Dorsey v. State Mutual Life Assurance Co. of Worcester, Mass.

238 F. Supp. 391, 1964 U.S. Dist. LEXIS 8057
CourtDistrict Court, N.D. Georgia
DecidedDecember 17, 1964
DocketCiv. A. 8173
StatusPublished
Cited by7 cases

This text of 238 F. Supp. 391 (Dorsey v. State Mutual Life Assurance Co. of Worcester, Mass.) is published on Counsel Stack Legal Research, covering District Court, N.D. Georgia primary law. Counsel Stack provides free access to over 12 million legal documents including statutes, case law, regulations, and constitutions.

Bluebook
Dorsey v. State Mutual Life Assurance Co. of Worcester, Mass., 238 F. Supp. 391, 1964 U.S. Dist. LEXIS 8057 (N.D. Ga. 1964).

Opinion

MORGAN, District Judge.

Defendant State Mutual Life Assurance Co., of Worcester, Mass, (hereinafter called State Mutual) has filed a motion for summary judgment under Rule 56 of the Federal Rules of Civil Procedure upon the grounds that there is no dispute as to any material fact in the case at hand. Thereafter, the plaintiffs, Sam Adams Dorsey and the Citizens and Southern National Bank, Executors to the estate of Roby Robinson, likewise filed a motion for summary judgment under Rule 56, the Federal Rules of Civil Procedure upon the same ground.

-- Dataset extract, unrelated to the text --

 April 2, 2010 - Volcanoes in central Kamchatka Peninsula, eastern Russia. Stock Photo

Both parties rely upon attached affidavits, the pleadings the pretrial order heretofore entered, and agreed admission of facts. The briefs having been submitted by both parties under local Rule 8 the case is now ripe for consideration. Both parties agree that there is no dispute as to any material facts.

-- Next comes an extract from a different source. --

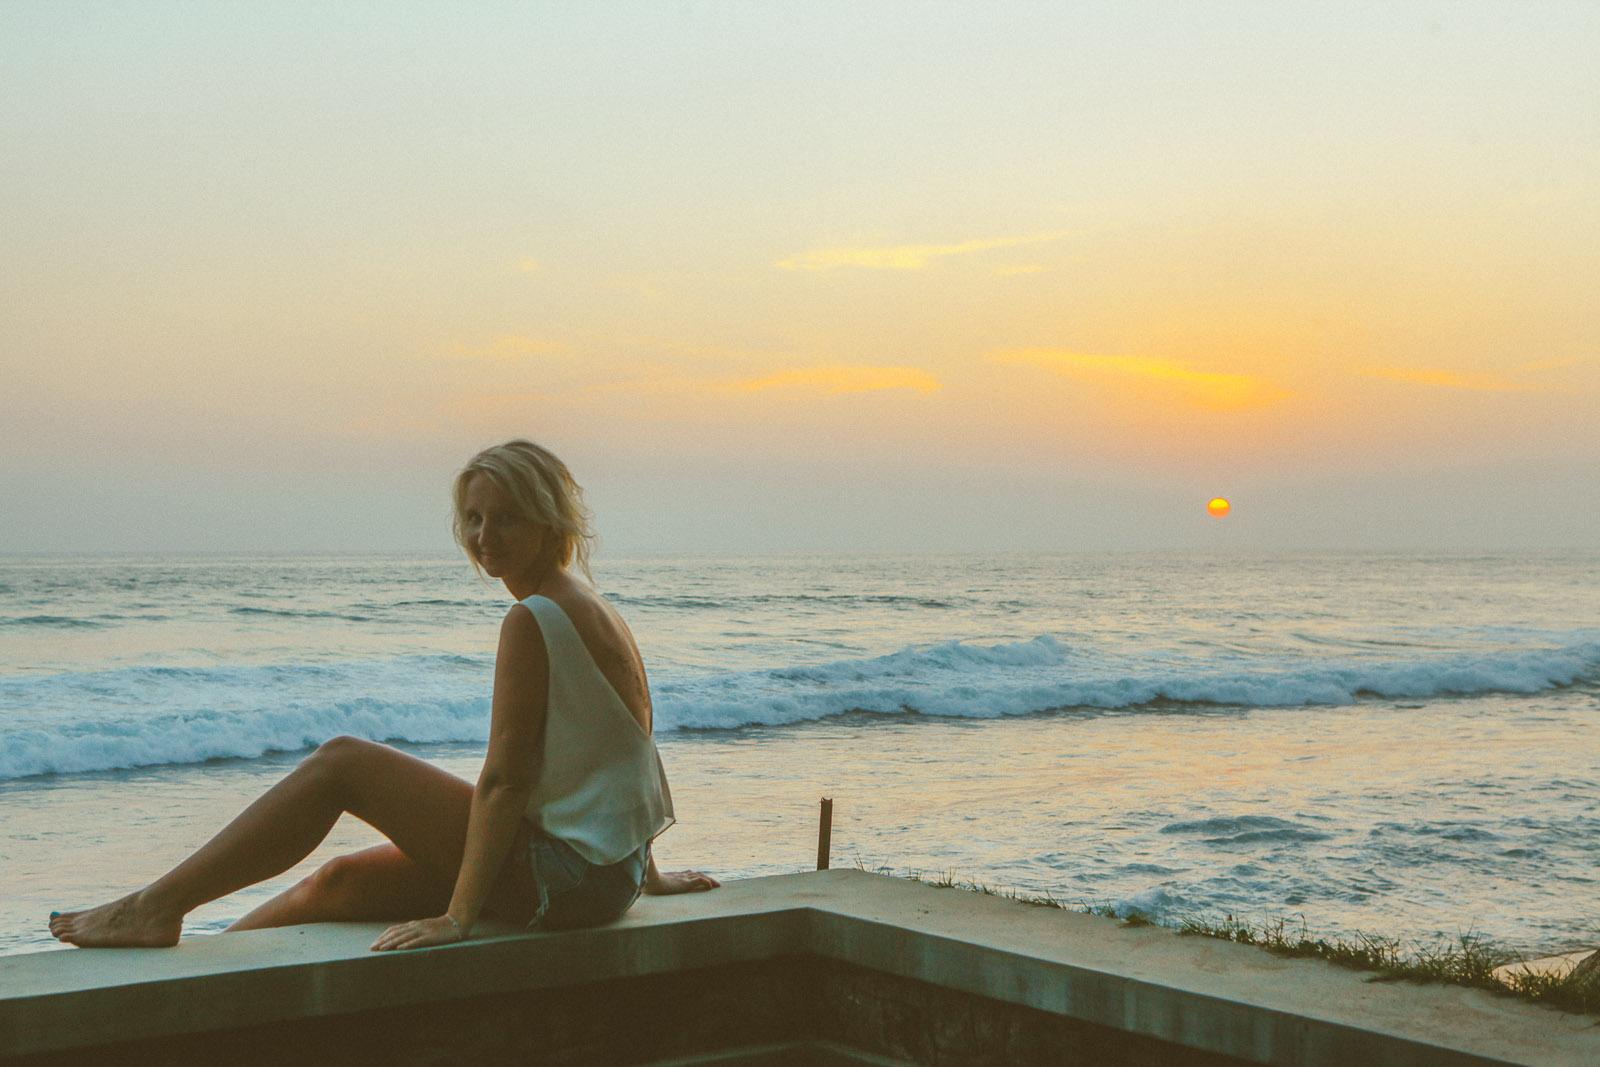 Sri Lanka-Hikkaduwa-Midigama-thalpe-era-beach-jetwing-surf-travel-blog-IMG_8738

The deceased, Roby Robinson, was killed while a passenger on a 707 Boeing Intercontinental Jet of Campagnie National Air France (hereinafter referred to as “Air France”) which crashed near Orly Field, Paris, France, on June 3, 1962. Deceased was a senior officer of the Robinson-Humphrey Co., a participating member of the National Association of Security Dealers, Inc. Insurance Trust, and State Mutual had issued a certificate of insurance under said policy, affording under certain circumstances accidental death insurance in the amount of $50,000.00 to Mr. Robinson. There is no issue concerning the form or due receipt by defendant of the proof of death.

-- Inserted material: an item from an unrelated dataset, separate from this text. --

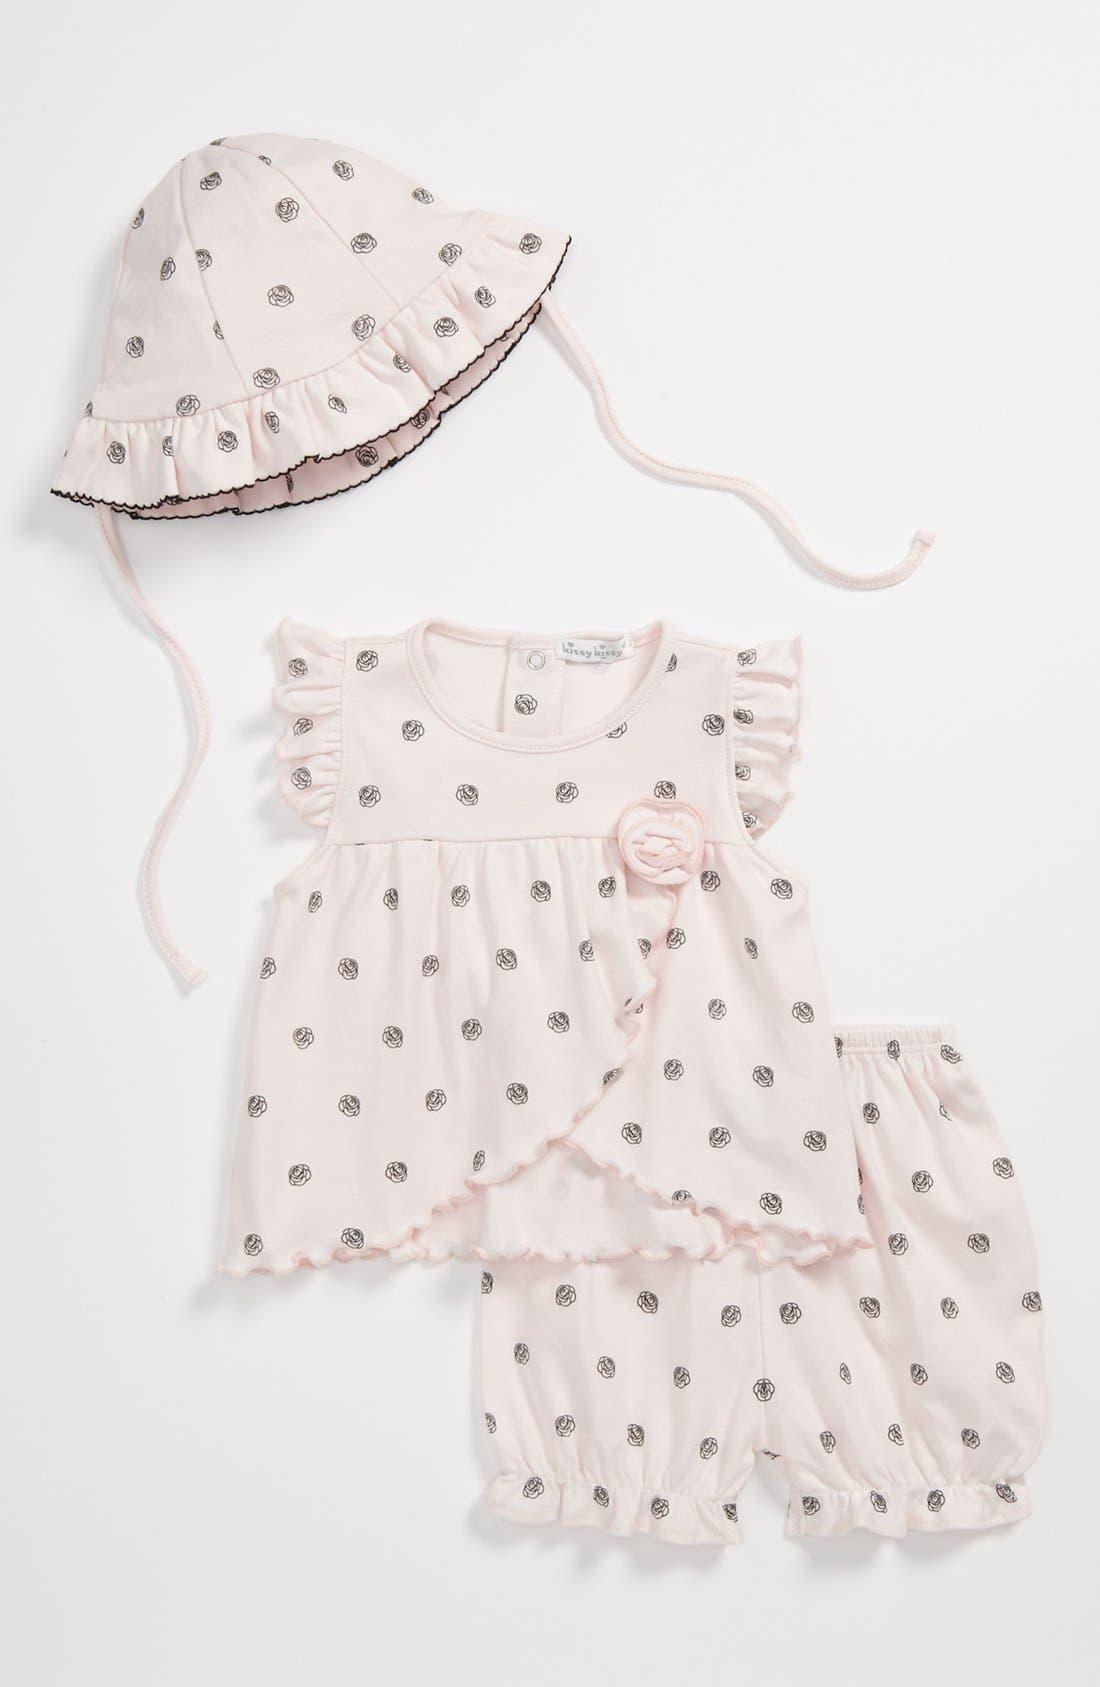 Main Image - Kissy Kissy 'Charisma' Top, Pants & Hat (Baby)

The certificate of insurance contained the following exclusion which is the basis for the denial of liability by the defendant:

“No benefits shall be payable for any loss which is caused or contributed to by * * * being in or on or in contact with any kind of aircraft, either on the ground, water, or in the air, or falling or in any other manner descending with or from such aircraft, except loss resulting from *393 flight or travel as a passenger in a licensed aircraft (other than a chartered aircraft) operated by a licensed pilot on a scheduled passenger service regularly offered between specified airports by a passenger carrier duly licensed by the proper licensing authority * *

The question at issue narrows down to whether or not the accidental death of Roby Robinson was one excluded under the terms of the contract.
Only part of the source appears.